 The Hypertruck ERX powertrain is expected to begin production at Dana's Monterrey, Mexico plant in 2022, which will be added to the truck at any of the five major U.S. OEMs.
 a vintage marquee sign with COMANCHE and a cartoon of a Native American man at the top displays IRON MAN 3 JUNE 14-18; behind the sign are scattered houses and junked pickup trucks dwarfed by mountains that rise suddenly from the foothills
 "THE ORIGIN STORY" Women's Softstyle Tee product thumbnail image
---
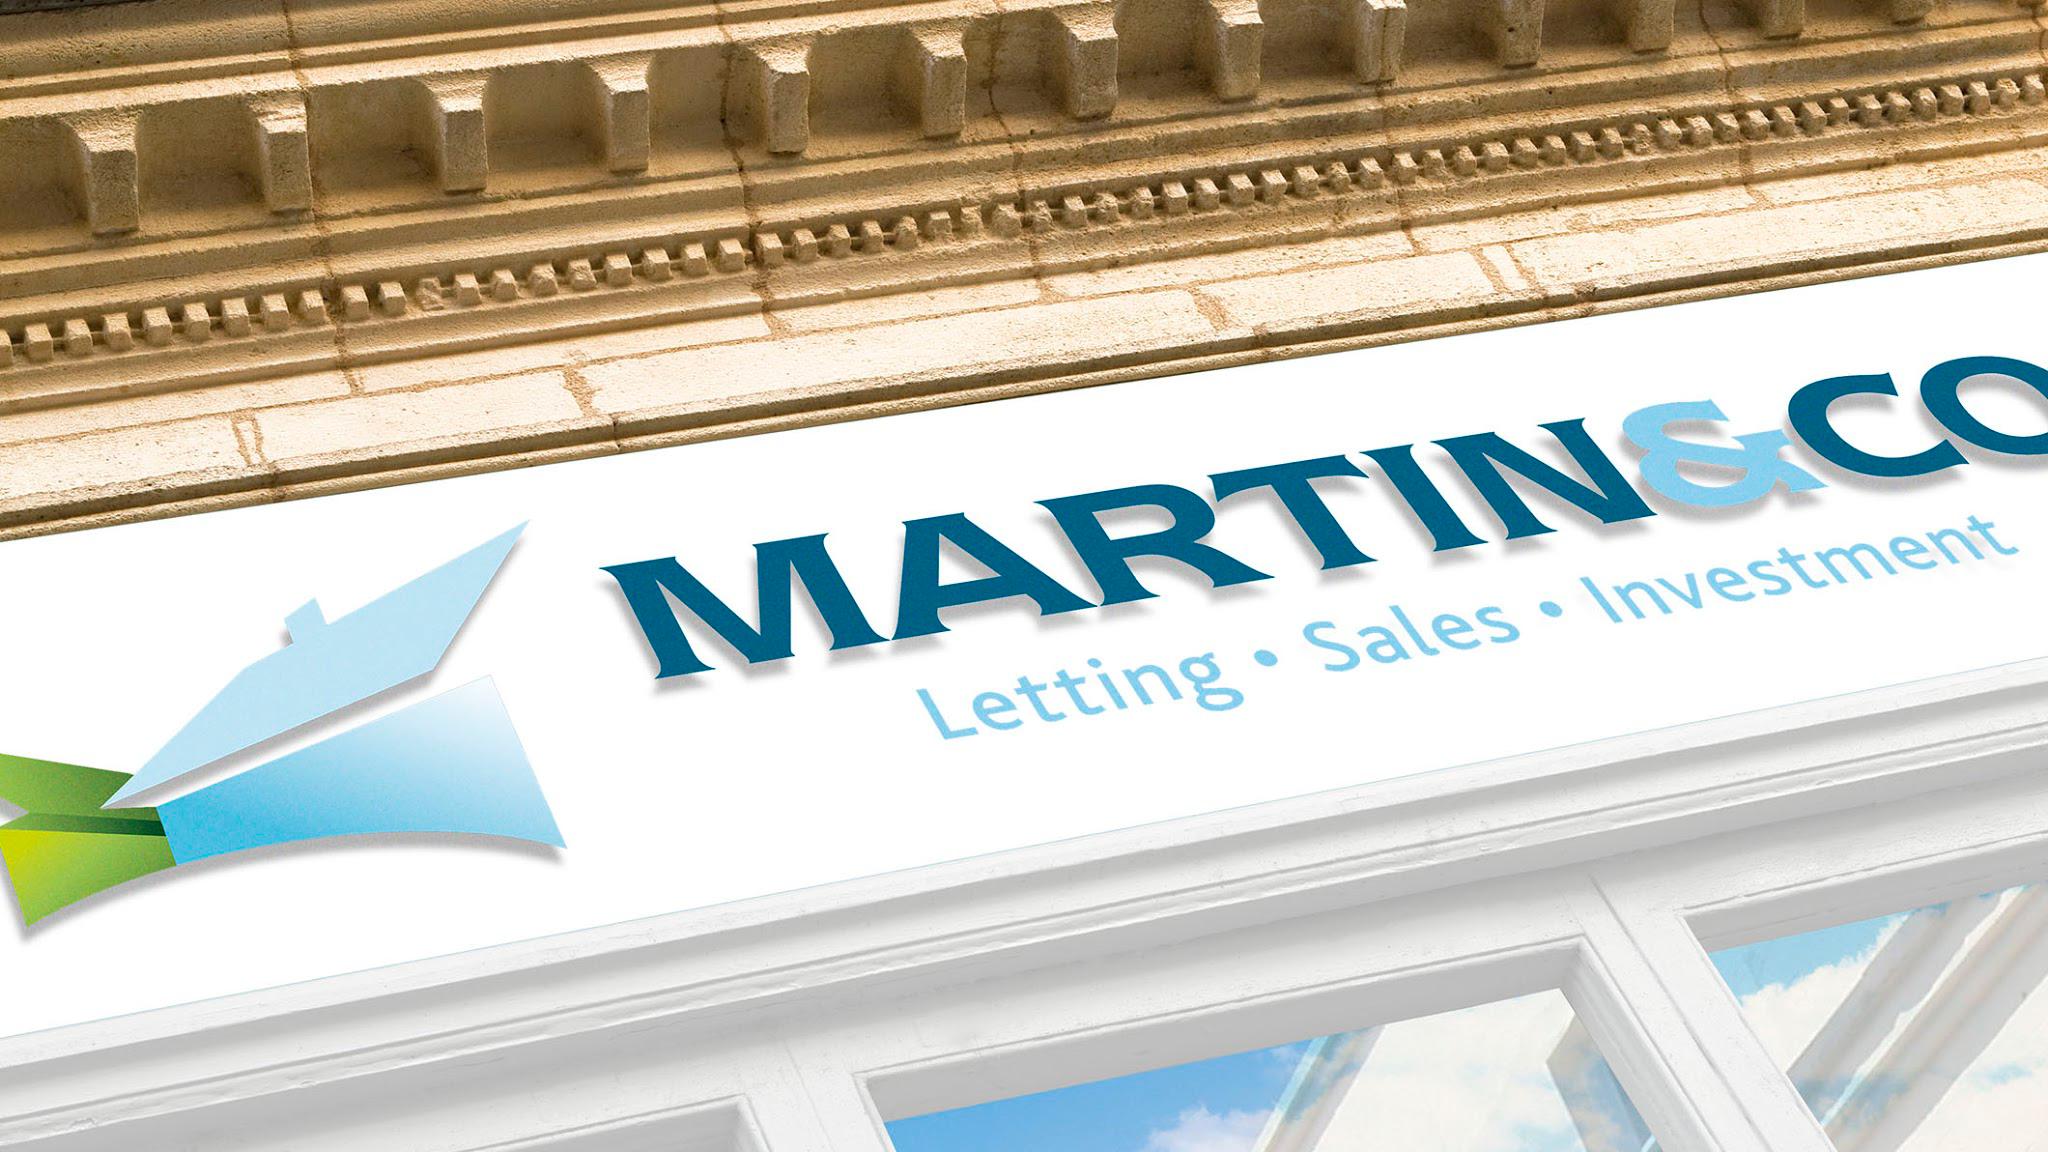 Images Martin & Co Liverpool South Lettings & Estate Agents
* * *
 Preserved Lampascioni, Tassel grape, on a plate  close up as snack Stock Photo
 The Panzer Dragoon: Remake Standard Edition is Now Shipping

#### [Exercise aim]
Print, without alteration, only the lines above between the one holding "a vintage marquee" and the one holding "product thumbnail image", inclusive.

#### [Exercise output]
 a vintage marquee sign with COMANCHE and a cartoon of a Native American man at the top displays IRON MAN 3 JUNE 14-18; behind the sign are scattered houses and junked pickup trucks dwarfed by mountains that rise suddenly from the foothills
 "THE ORIGIN STORY" Women's Softstyle Tee product thumbnail image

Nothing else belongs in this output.